A statement signed by NAFDAC’s Resident Media Consultant, Sayo Akintola, said the agency was aware of a recent report on social media alleging that nearly all paracetamol tablets sold in Nigeria are “under-dosed”.

However, he said that the outcome of investigations on the matter proved the allegations wrong and misleading.

” We have received a copy of the publication of the research finding of the subject and we wish to state categorically that the report is misleading, and the science is questionable,” it said.

The statement stated that as the quality culture of NAFDAC demanded, as soon as the agency became aware of the news, the Director General had meetings with the respective directors and gave a directive that a survey of the market should be done to sample and test.

It said the director general of the agency had also met with the leadership of the Pharmaceutical Manufacturing Group of the Manufacturing Association of Nigeria to inform them of the agency’s intent.

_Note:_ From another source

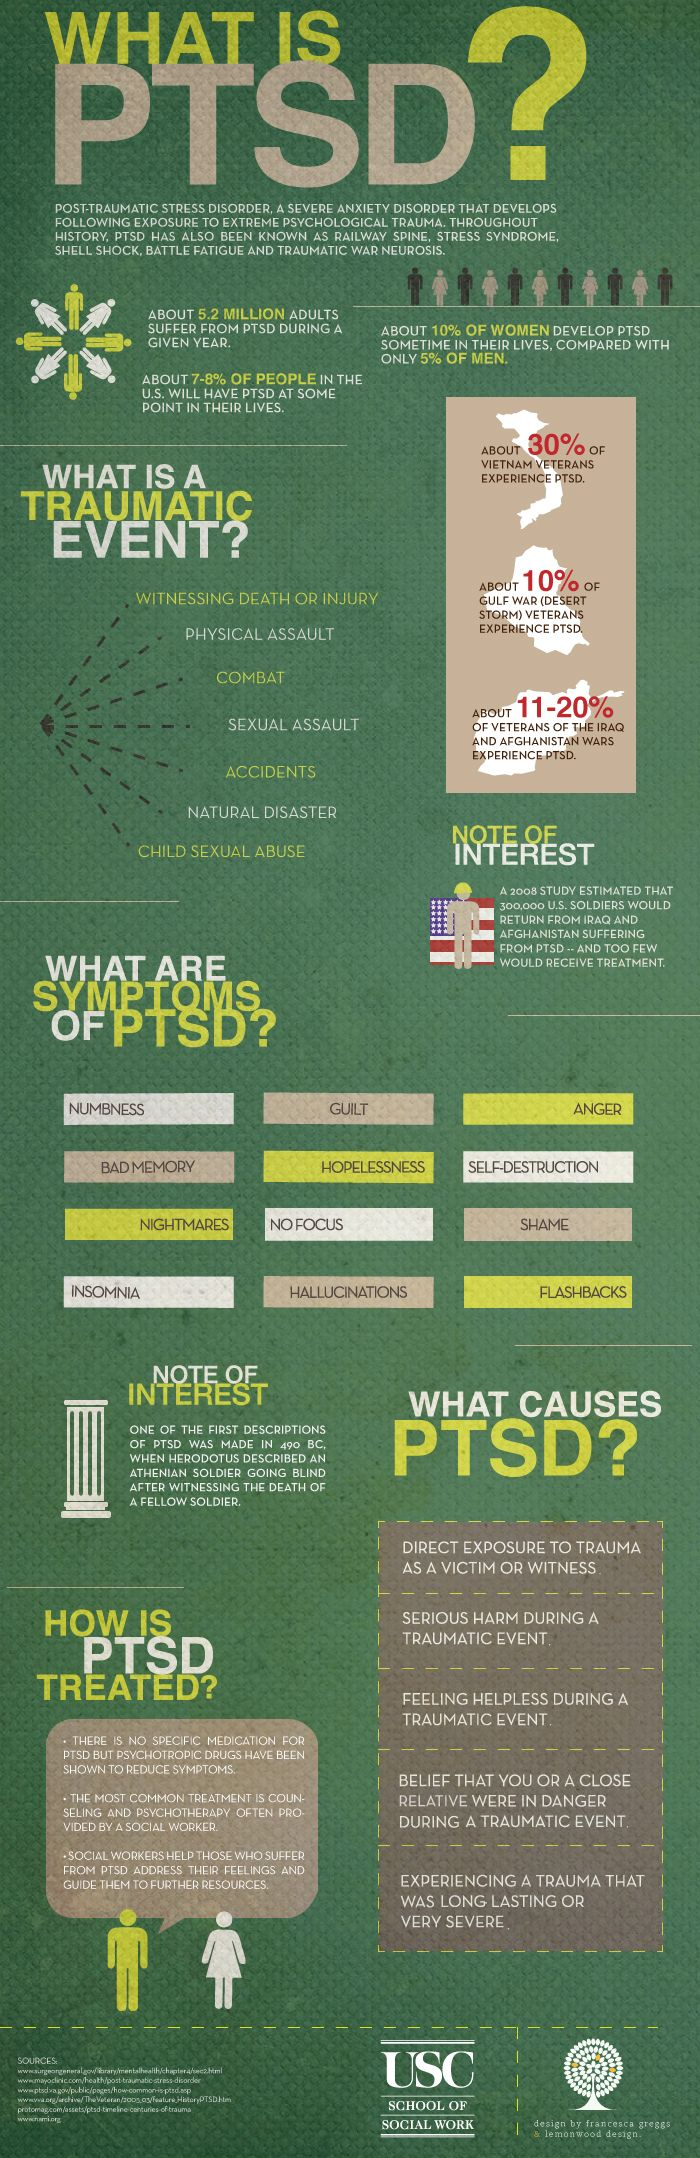 infographic on PTSD

“NAFDAC’s laboratories are ISO 17025-certified every year to ensure that the procedures used for testing are based on international standards and the equipment or instruments used are qualified similarly.

“We do a yearly post-marketing survey of medicines to ensure that the quality and safety are maintained.  Where there is a deviation from this, i.e., whenever we find any regulated product to be substandard or falsified, NAFDAC regularly issues public alerts or do recalls,” it said.

NAFDAC said that in the last two years, it had issued 88 public alerts and ordered 32 recalls for medicines and foods.

“We are using this medium to assure the public that NAFDAC is using international standards and scientific methods to survey the paracetamol product where samples are collected from different parts of the country in the right amount and will be tested using well calibrated, and qualified state-of-the-art equipment or instruments.

“This is part of our routine regulatory post-marketing surveillance among others throughout the life cycle of a medicine.

We want to reiterate that NAFDAC has five ISO-17025 laboratories across the country, and a World Health Organization (WHO) prequalified laboratory at Yaba Lagos where medicines are tested for quality and safety.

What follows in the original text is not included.